The health insurance market in the United States is as dynamic and rapidly-shifting a place as it has ever been. Premiums for the benchmark Affordable Care Act (ACA) plan have jumped up by an average of 26%. This massive spike marks perhaps the most extreme increase in costs that we’ve experienced since the launching of the ACA. It’s been more than a decade since those reforms occurred. As of this year, the average monthly premium has increased to $202.90. Since last year, this hard to swallow small increase of $17.90 has now become widespread media outlet news, all thanks to the Centers for Medicare and Medicaid Services.
These fiscal pressures aren’t just affecting Medicare — they are impacting employers, and causing them to suffer as well. Employers should plan on health benefit costs increasing by at least 9%. Even worse, this $8 billion increase is the biggest one we’ve experienced in many years. This trend creates dangerous conditions for people and businesses across our country. More than three-quarters of American adults are living with at least one chronic illness, making the task even tougher.
Understanding the Premium Increases
Shocking increases in premiums can be ascribed to a number of factors. One major factor is the end of enhanced federal subsidies. These tax credits used to be just enough to cover premium costs for enrollees. When these subsidies run out, enrollees will see a steep, if not catastrophic, spike in their premium contributions. In reality, they should be braced for an astronomical increase—on average of 114%. This unexpected change throws a new financial socket wrench into the plans of the millions of families and individuals who have come to depend on ACA plans.
More than subsidy changes, the consolidation of hospitals has greatly increased healthcare costs. Today, nearly half of those metropolitan areas are dominated by just one or two health systems. Without true competition, consumers have no choice and prices continue to rise. As noted by PhRMA, “The data clearly show that the largest part of the health care system — hospital care — is also the place where costs are the most out of control.” This dramatic consolidation results in increased prices for hospital services. It further raises expenses for physician practices that are purchased by larger healthcare systems.
To make matters even worse, insurers rarely face any real pressure to lower prices. Vivian Ho, a health economics expert, remarked, “There’s not as much incentive to drive the hardest bargain if you’re not on the hook for most of the increased prices yourself.” This lack of accountability built into our system permits ongoing inflationary surprise assaults on affordability to persist as our affordability crisis deepens.

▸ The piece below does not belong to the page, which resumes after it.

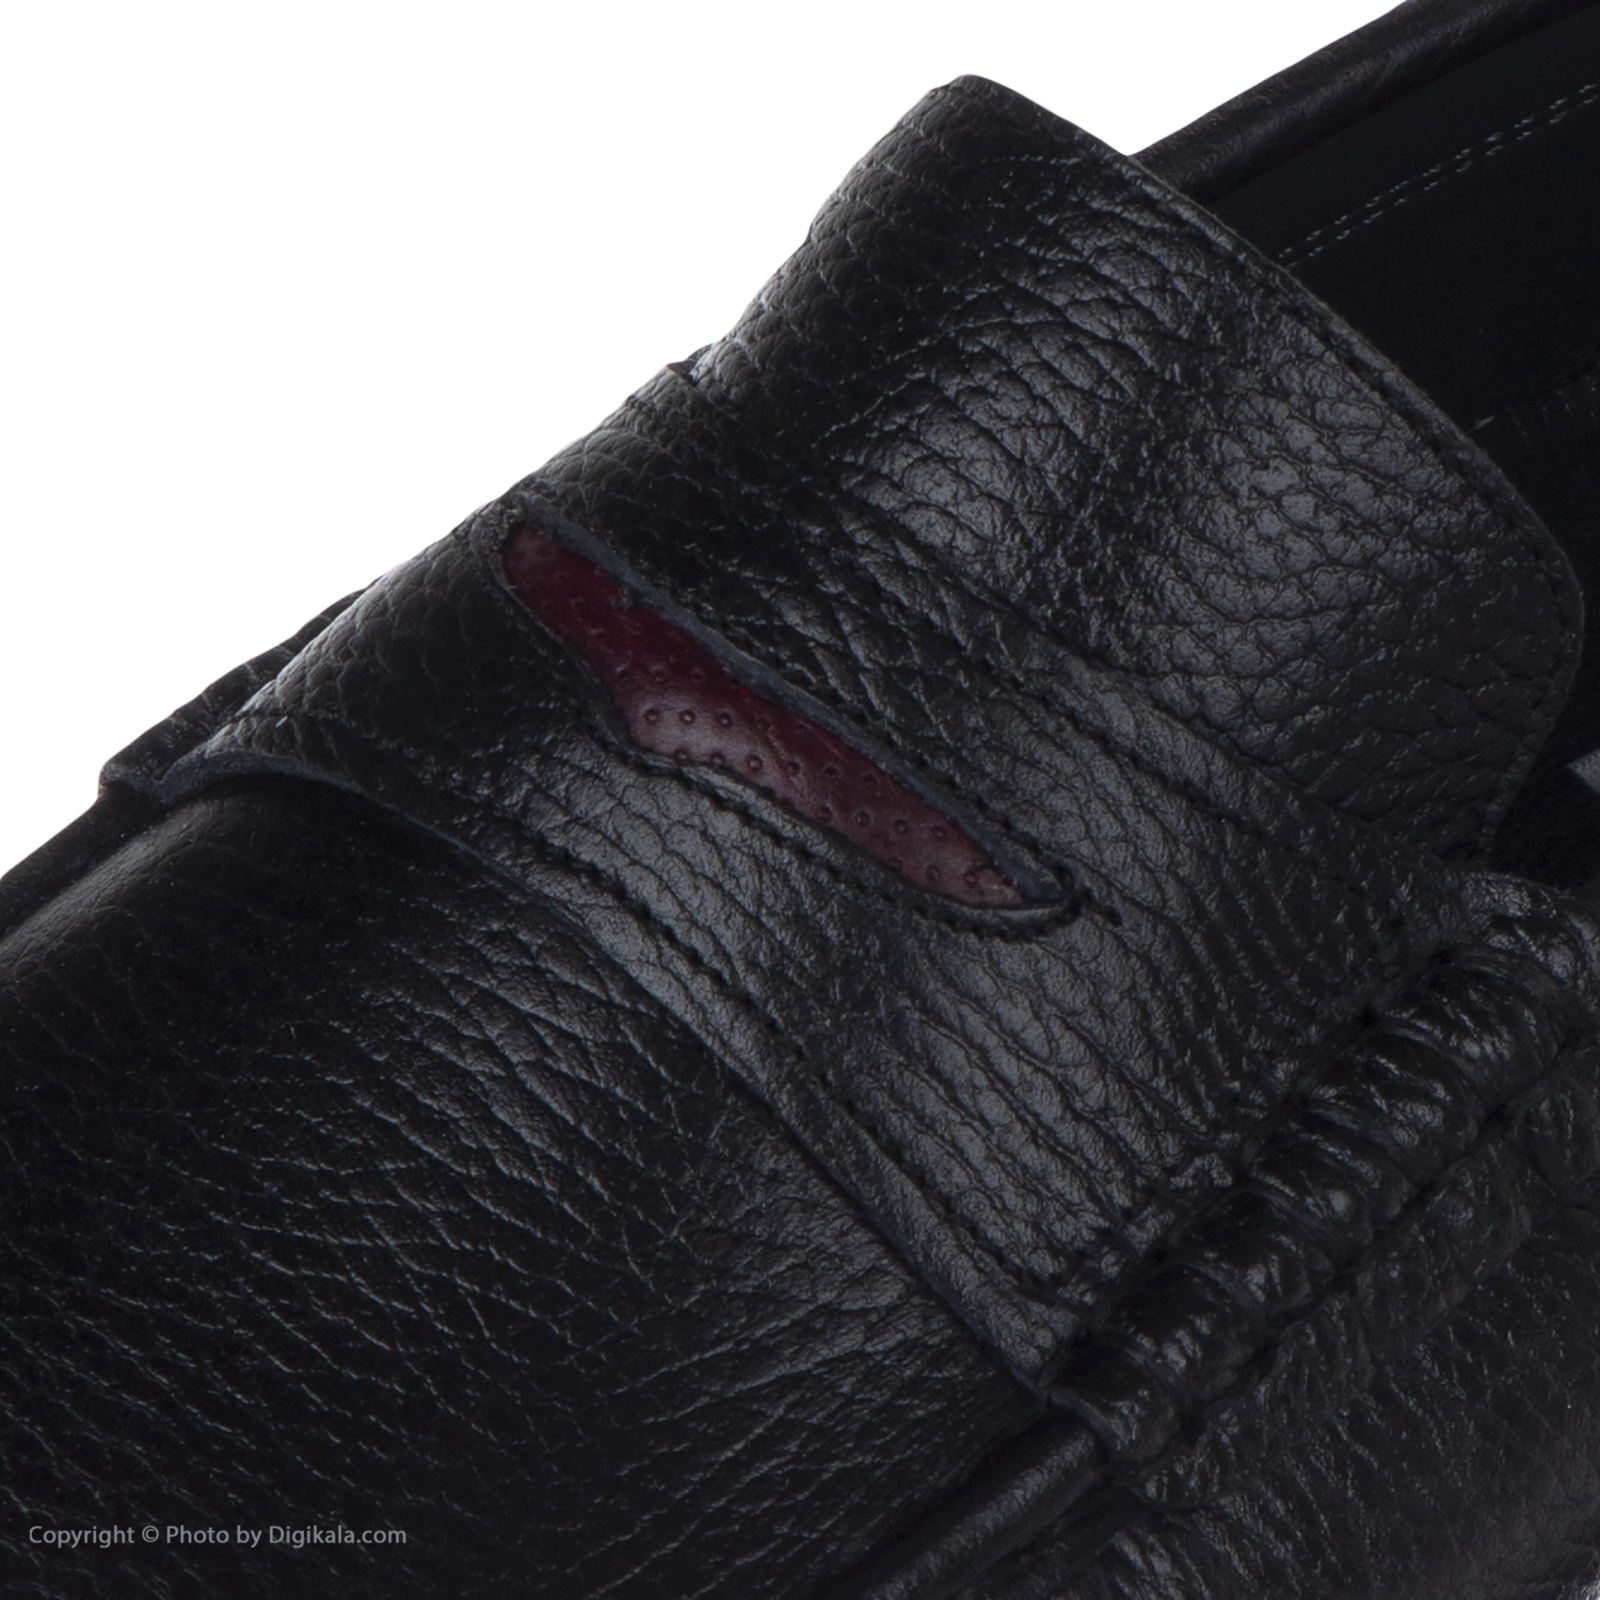 کفش روزمره مردانه ساتین مدل 7611A503101 -  - 8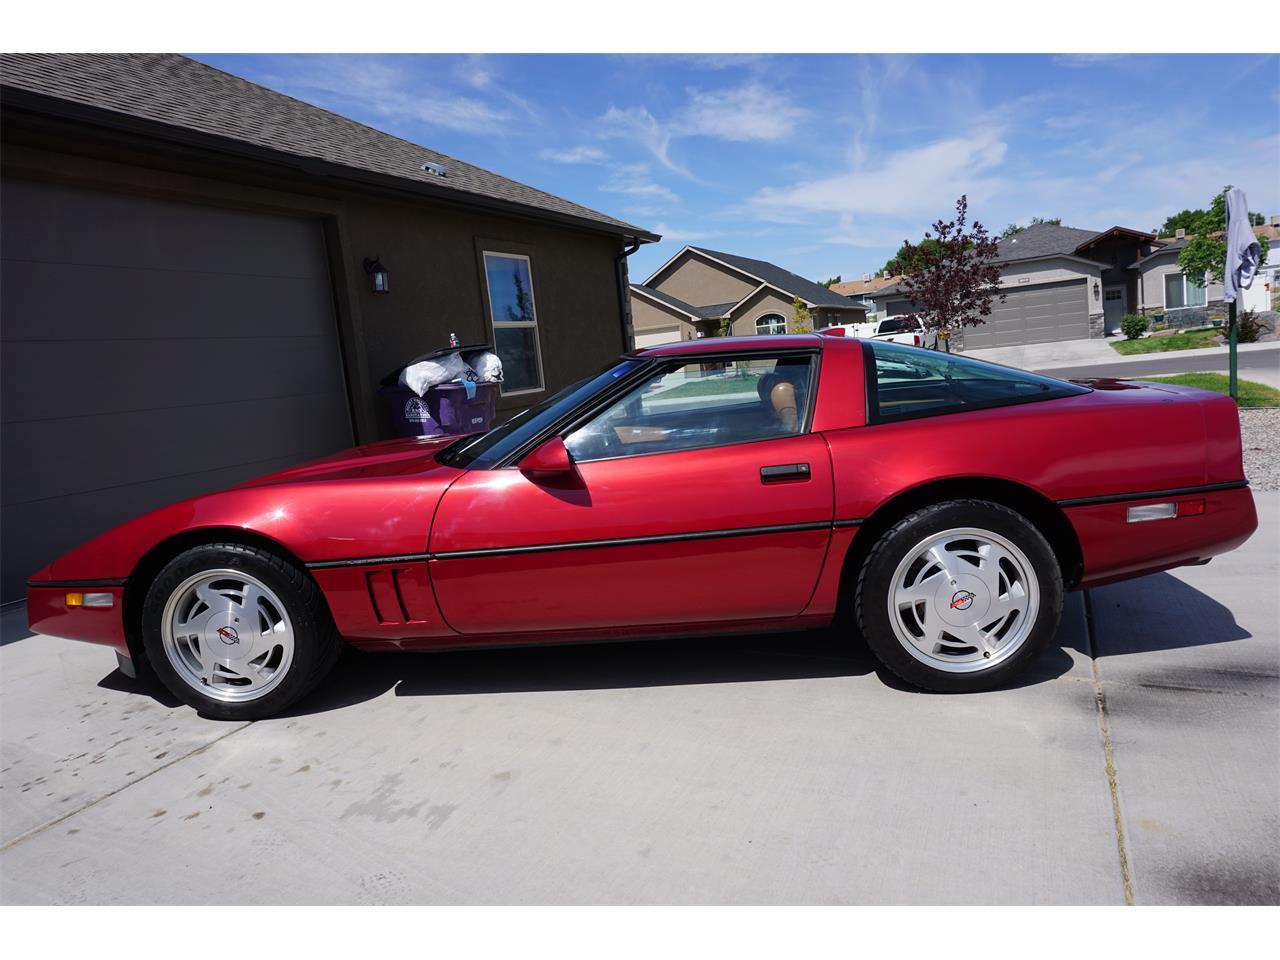 Large Picture of 1989 Corvette C4 located in Grand Junction Colorado - $9,500.00 - QTU6

Growing Health Concerns Among Americans
In the face of rising costs, the burden of such health issues has become overwhelming among Americans. In 2023, more than three-quarters of adults—nearly 100 million Americans—indicated they have at least one chronic disease, with more than half affected by a multitude of conditions. Obesity and depression have continued to rise significantly among the young adult cohort since 2013. At the same time, middle-aged adults also suffered increasing rates of diabetes, chronic kidney disease, and stroke.
For senior citizens, the burden of chronic kidney disease has risen, placing additional stress on already limited healthcare resources. Yet, more Americans are facing new or worsening chronic health challenges. The demand for medical care will thus exponentially increase, exacerbating the issues associated with rising insurance premiums.
Chronic diseases are on the rise, and they’re taking a deep toll on people’s quality of life. Simultaneously, insurance companies and healthcare systems are under unprecedented pressure to provide quality care while lowering expenditures.
Implications for Employers and Insurers
These escalating health insurance costs have a tremendous impact on employers in every community in America. At a time when health benefit costs are projected to increase by 9%, employers might have to reconsider their current health insurance plans. This significant increase may give employers a reason to either shift costs onto employees or rethink their benefit strategies entirely.
Yet remarkably, some private insurers are starting to modify their offerings to address these increasing costs. Blue Cross Blue Shield of Massachusetts recently announced intentions to stop covering some classes of weight loss medications in 2026. This decision aims to reduce premiums by approximately 3%, but it could leave many seeking alternative treatment options without support.
Medicare Part B premiums are increasing at an alarming rate. They’ve increased by almost 10% this year, the biggest annual jump in four years. This spike only adds to an already dire squeeze for seniors. First of all, they depend on Medicare—almost exclusively—for their healthcare needs.